### Work order
Keep the text of the data exactly as it is and omit each picture from the copy.

### Input data
+++
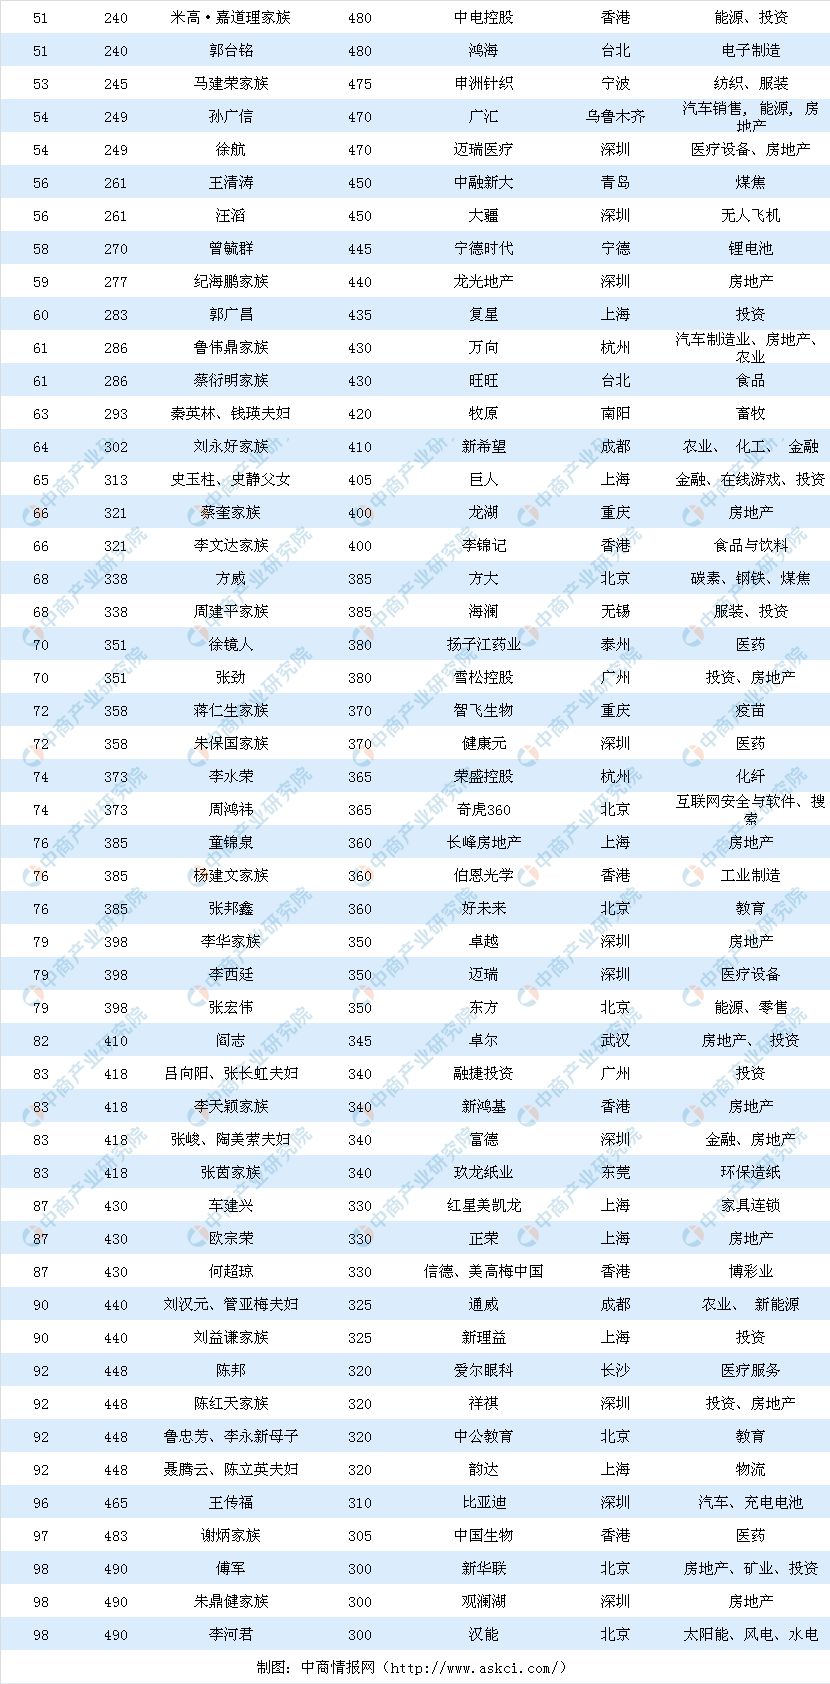 2019中国富人排行榜_2019中国富人榜出炉 南京大佬排名
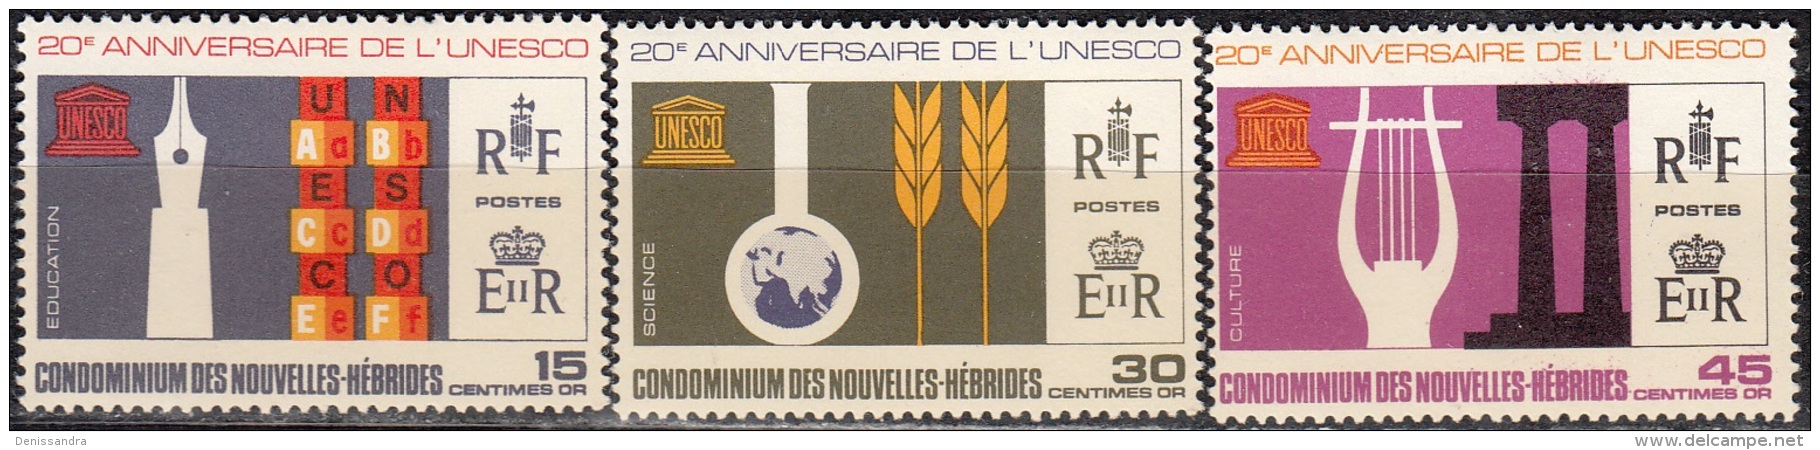 Nouvelles Hebrides 1966 Michel 251 - 253 Neuf ** Cote (2005) 6.00 Euro 20 Ans UNESCO - Neufs
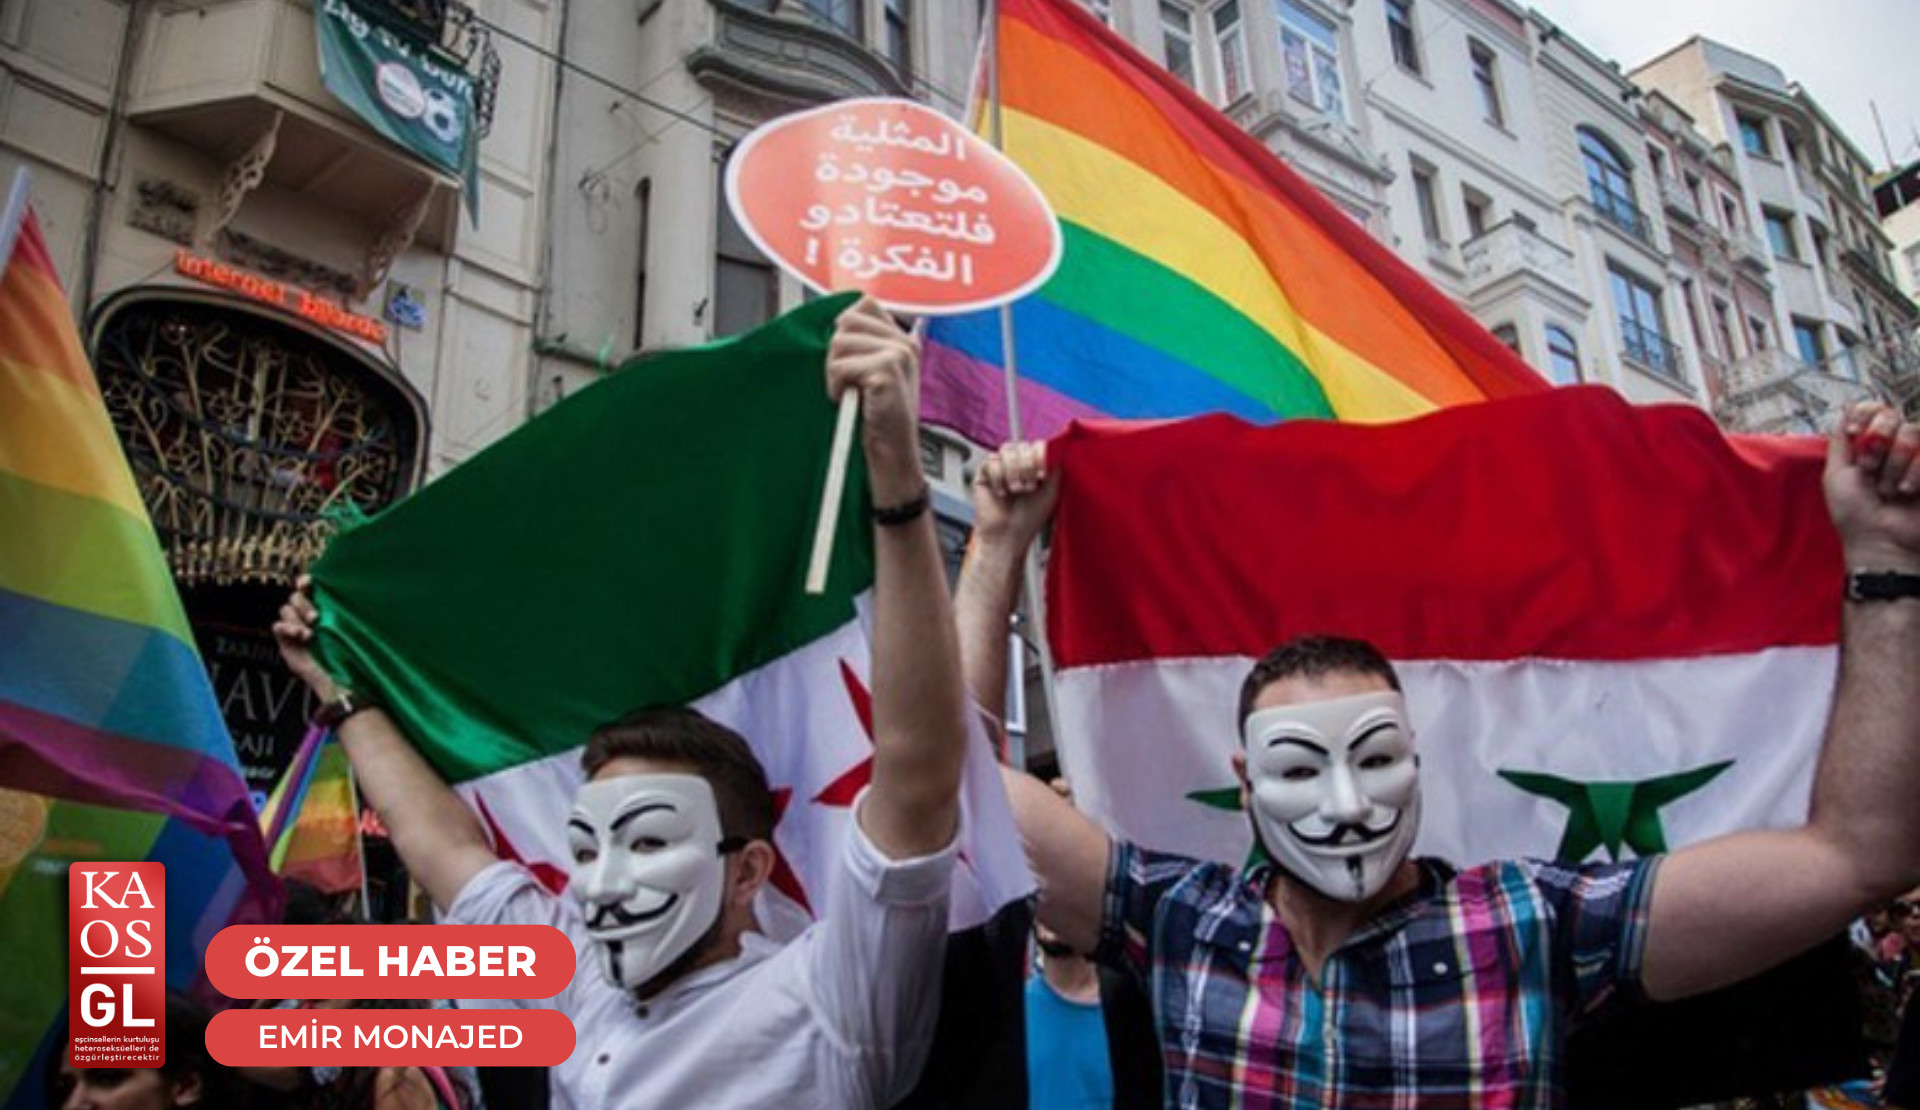 “Seçim süreçlerinde evimden çıkmıyorum” | Kaos GL - LGBTİ+ Haber Portalı Haber
+++
### The completed task
 2019中国富人排行榜_2019中国富人榜出炉 南京大佬排名
 Nouvelles Hebrides 1966 Michel 251 - 253 Neuf ** Cote (2005) 6.00 Euro 20 Ans UNESCO - Neufs
 “Seçim süreçlerinde evimden çıkmıyorum” | Kaos GL - LGBTİ+ Haber Portalı Haber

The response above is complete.